Eloge funèbre à un ami : Jean-Pierre Manuana Nseka, professeur ordinaire

30 avril 2026

Eloge funèbre à un ami : Jean-Pierre Manuana Nseka, professeur ordinaire

Professeur ordinaire Jean-Pierre Manuana Nseka

Chers Parents, chers collègues, chers amis et chers étudiants de Jean-Pierre,

Point n’est besoin de rappeler le motif qui nous rassemble tous, ici, en ce jour du 25 avril 2026. Nous sommes ou venons d’être des témoins vivants et oculaires de l’acheminement, en ce lieu, pour un dernier hommage, d’un corps inerte, enfermé dans une caisse et transporté dans une camionnette, comme celui d’un maçon fatigué endormi dans sa brouette.

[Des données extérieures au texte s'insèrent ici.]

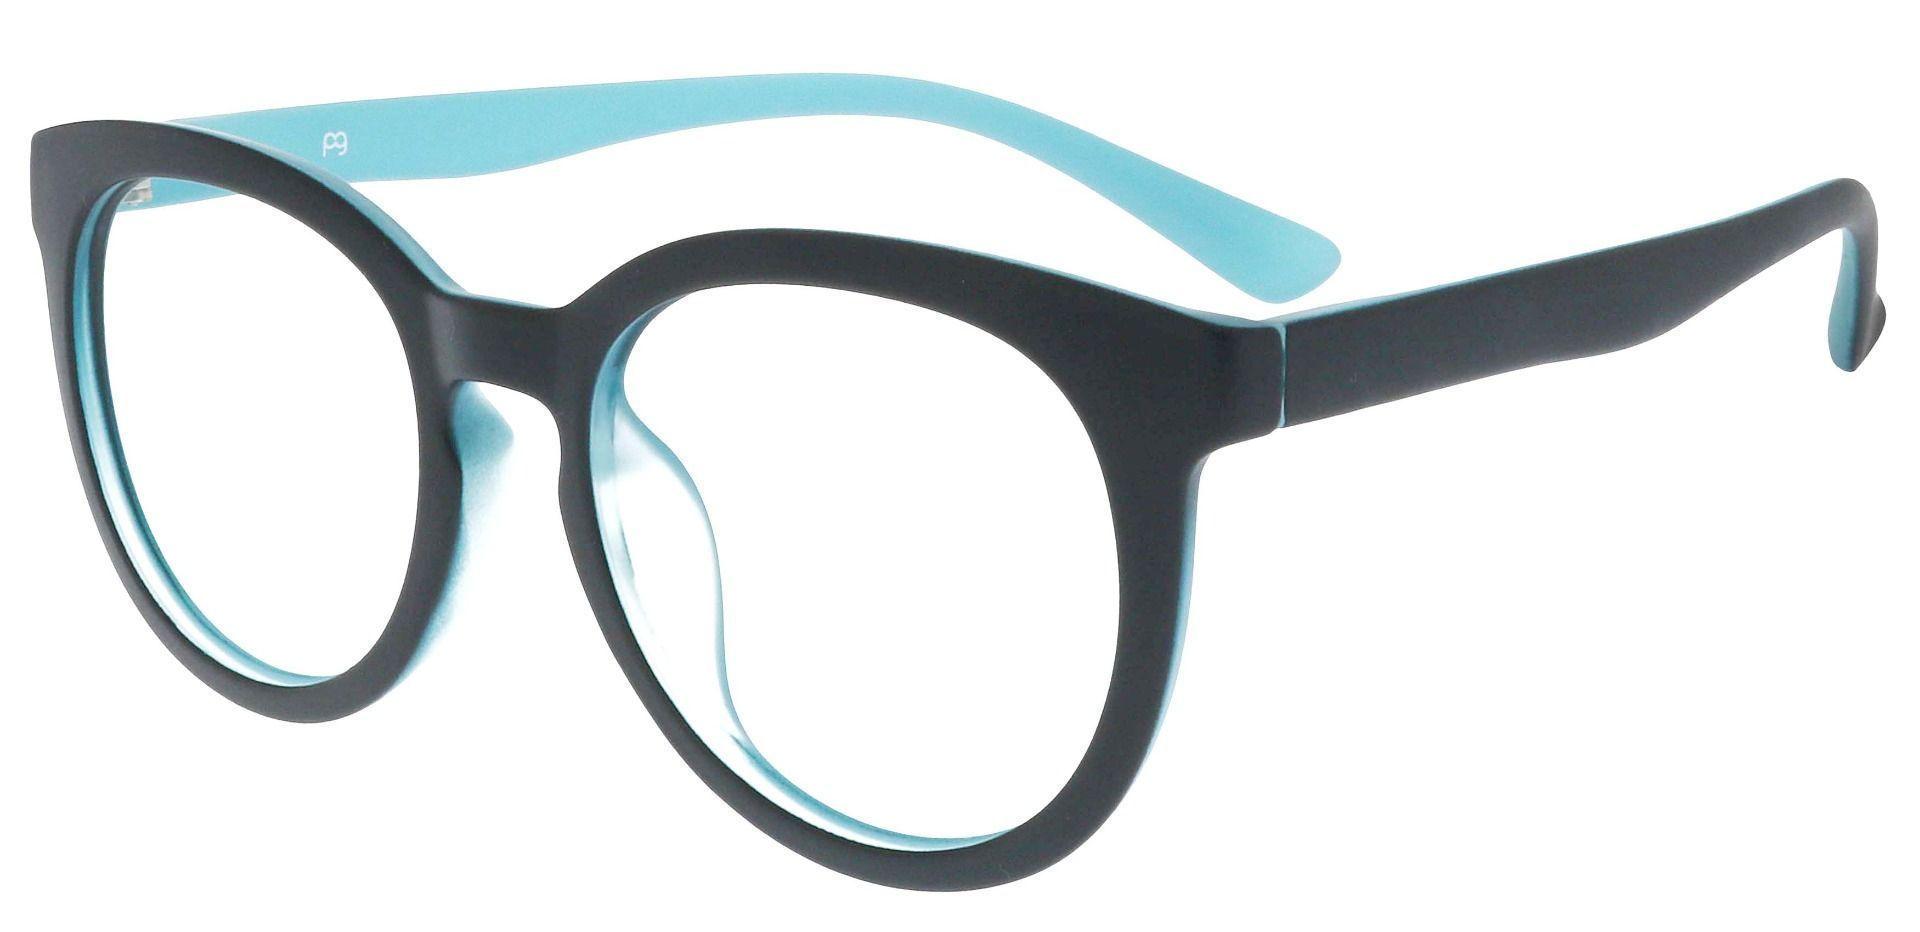 Dudley Oval Prescription Glasses - Black

    Ce corps, c’est celui de Jean-Pierre Manuana Nseka, à qui nous ne pourrons plus, physiquement, parler comme il y a quelques temps encore. 

Nous sommes donc réunis, en ce lieu, dans un moment de grande tristesse, mais aussi de profonde reconnaissance, d’hommage et d’éloge funèbre pour lui. Tristesse, car nous pleurons la perte d’un parent, d’un collègue, d’un ami, d’un professeur dont la disparition nous bouleverse. Reconnaissance, car nous avons eu le privilège de partager son chemin, d’apprendre de lui, de travailler à ses côtés, et de voir l’impact qu’il a eu sur tant de vies, ici à Kinshasa et bien au-delà.

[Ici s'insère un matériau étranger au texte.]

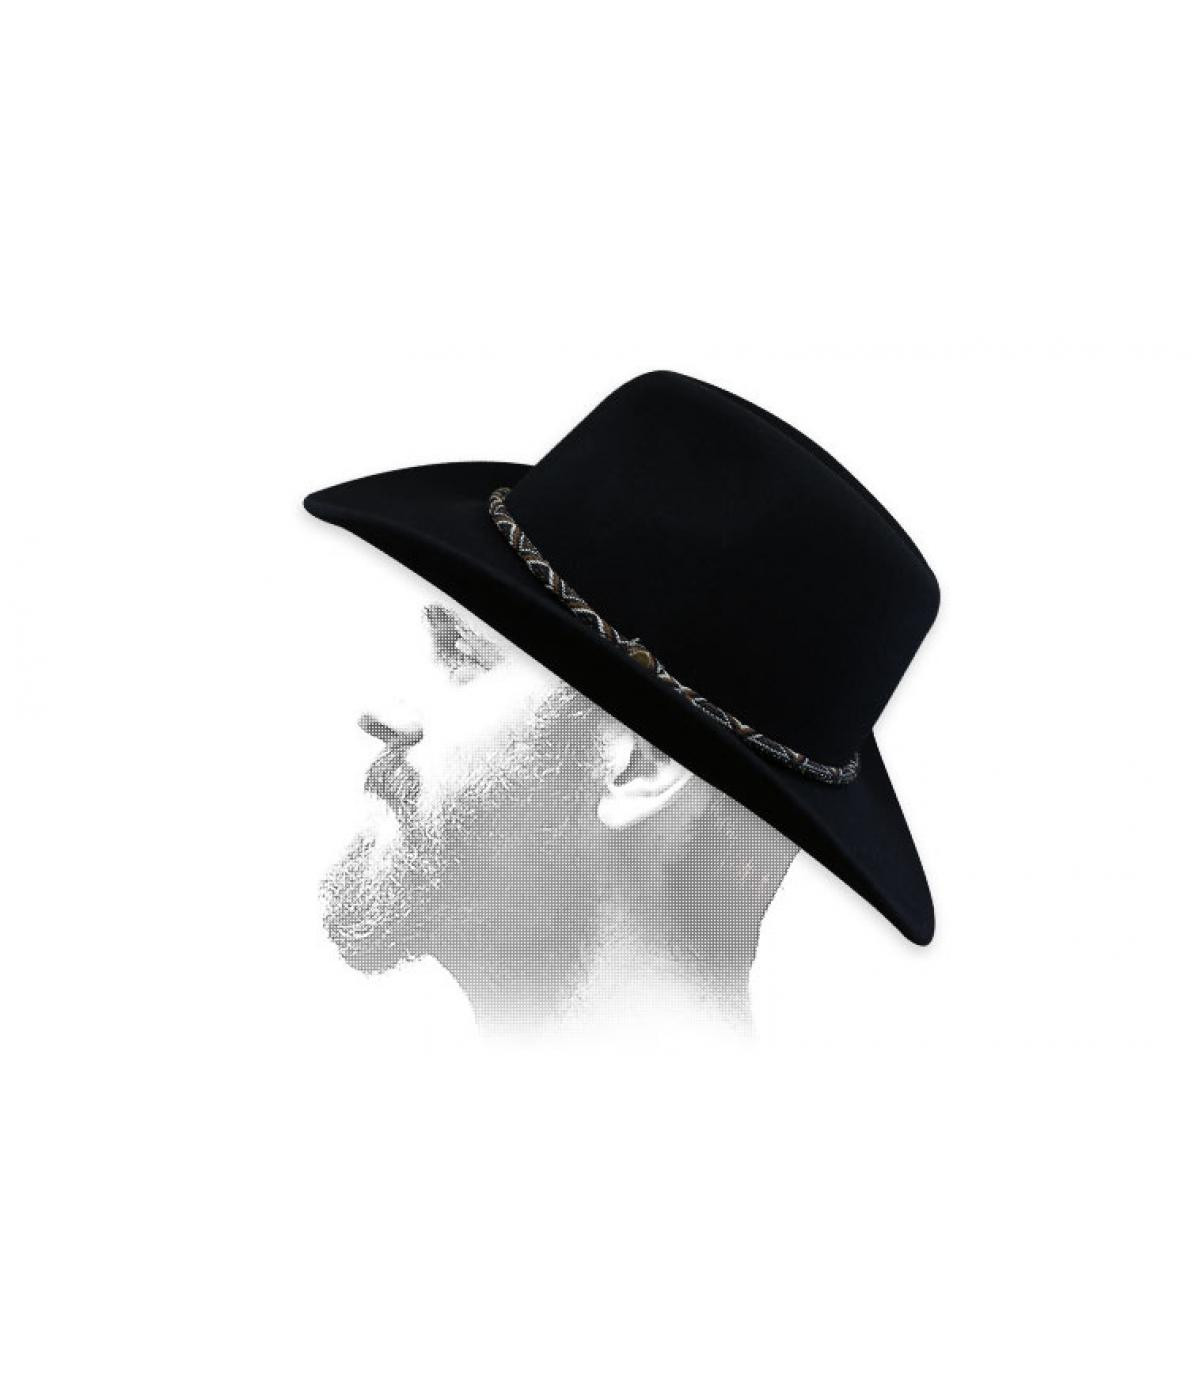 Beige felt cowboy hat

Oui, la métaphore du maçon fatigué, endormi dans sa brouette est, un peu forte, sans doute. Je l’ai, néanmoins, volontiers emprunté parce que, pour moi, pour avoir partagé une proximité professionnelle avec lui, d’abord comme bibliothécaire universitaire, ensuite comme professeur d’université, pour avoir été associé, à des diverses activités académiques (colloques, séminaires, symposiums, voyages d’études, etc…), avec lui, pour l’avoir accompagné comme secrétaire de département : éditions et livres et multimédia de notre alma mater, Jean-Pierre aura été un « ouvrier« …… un « ouvrier de la culture« , qui dans sa carrière a su rassembler des centaines, voire, des milliers de briques, les unes après les autres pour les élever en murs de maison.

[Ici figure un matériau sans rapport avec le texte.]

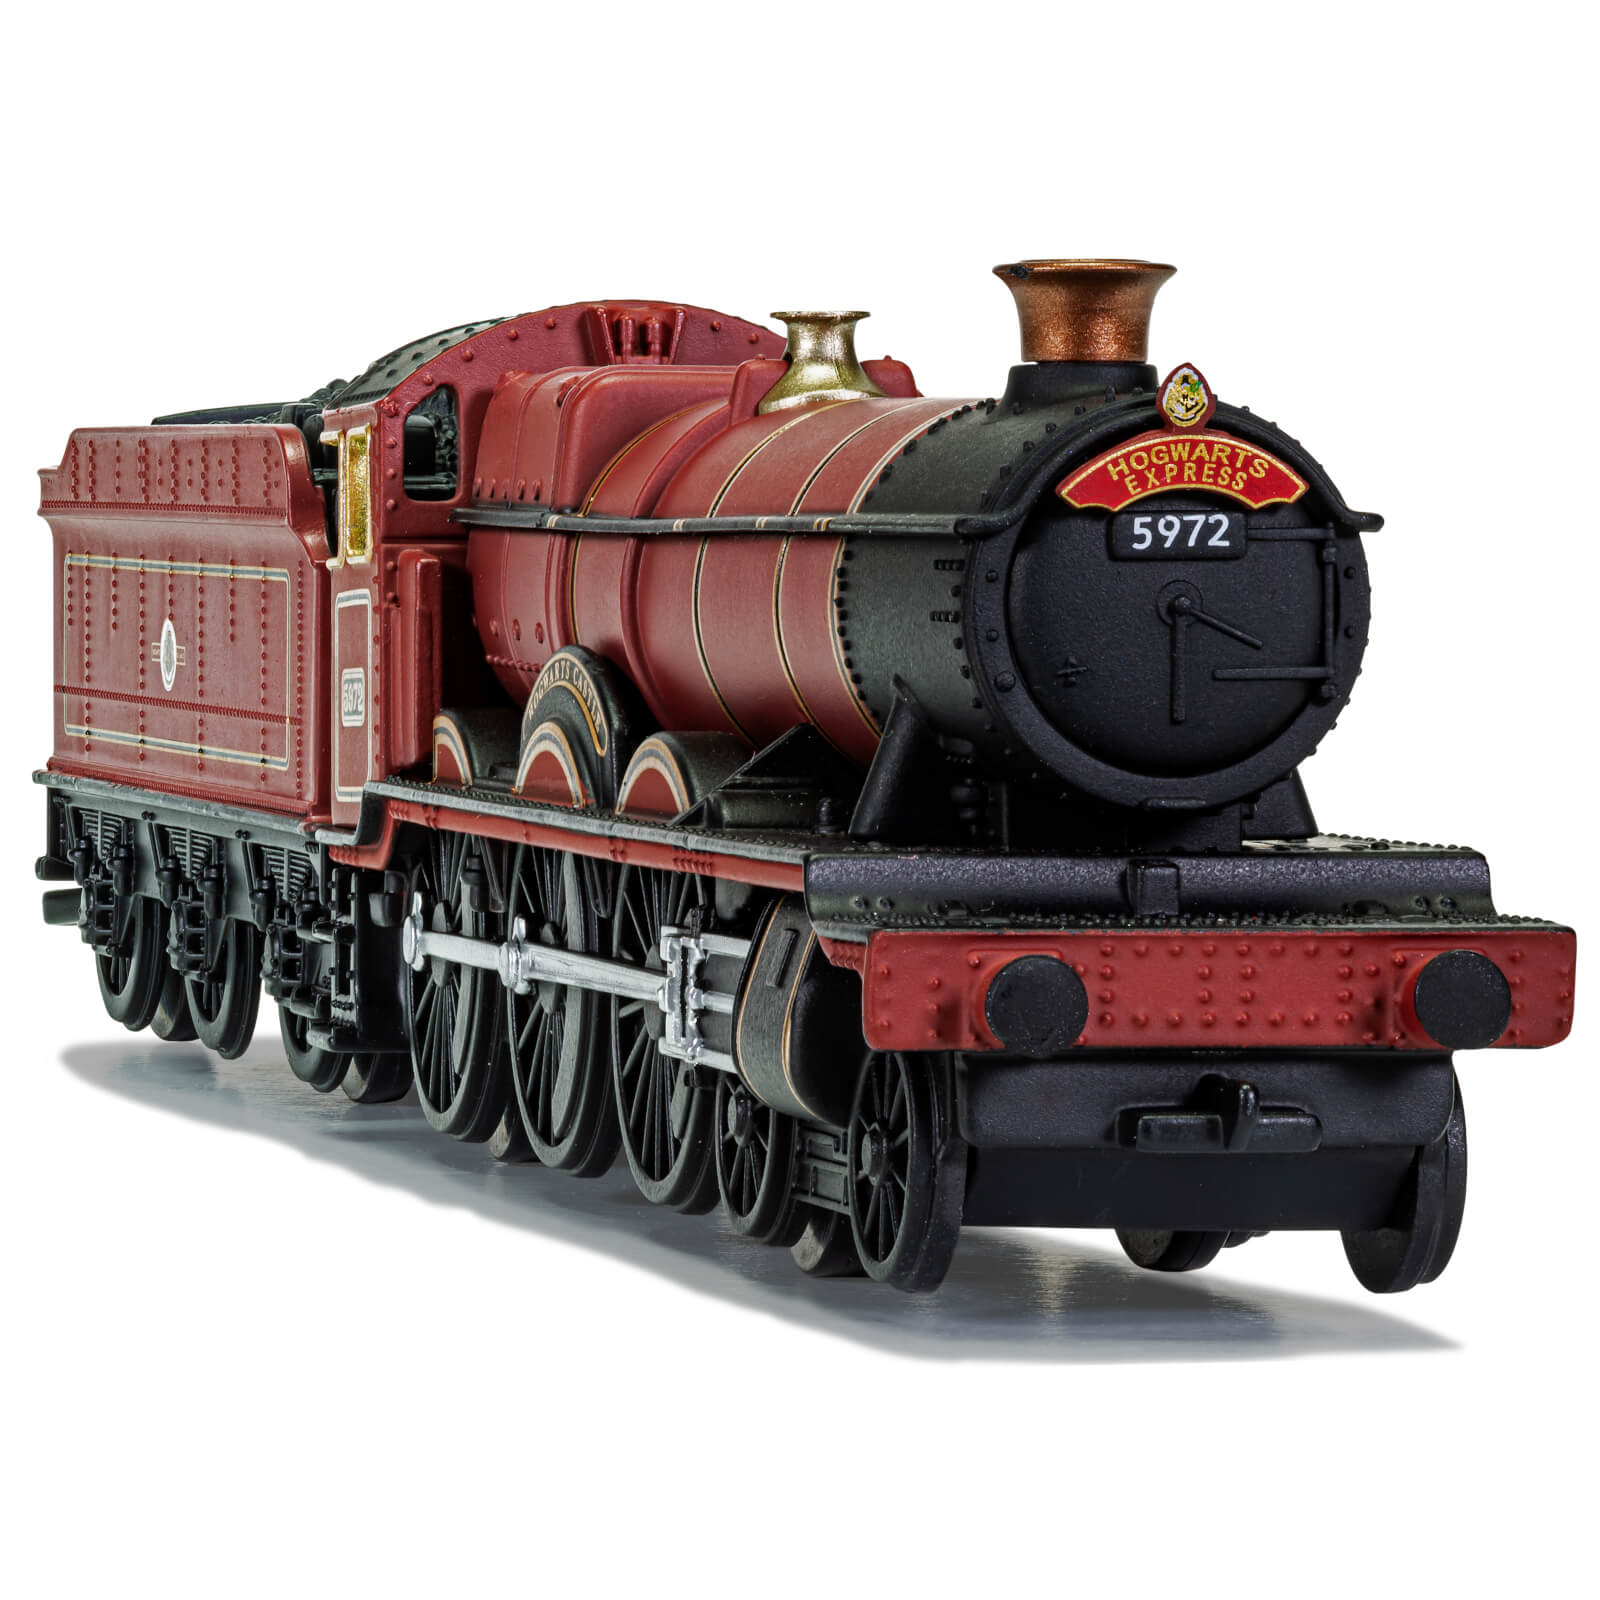 Image of Harry Potter Hogwarts Express Model Set - Scale 1:100

Enseignant et pédagogue passionné, chercheur engagé, Jean-Pierre croyait profondément en la mission de l’université : celle de former des esprits libres, critiques et responsables. De nombreux témoignages recueillis de ses anciens étudiants sont formels : « dans ses cours, Jean-Pierre ne se contentait pas seulement de transmettre des savoirs, il éveillait la curiosité, il stimulait la réflexion, il encourageait chacun à dépasser ses limites « .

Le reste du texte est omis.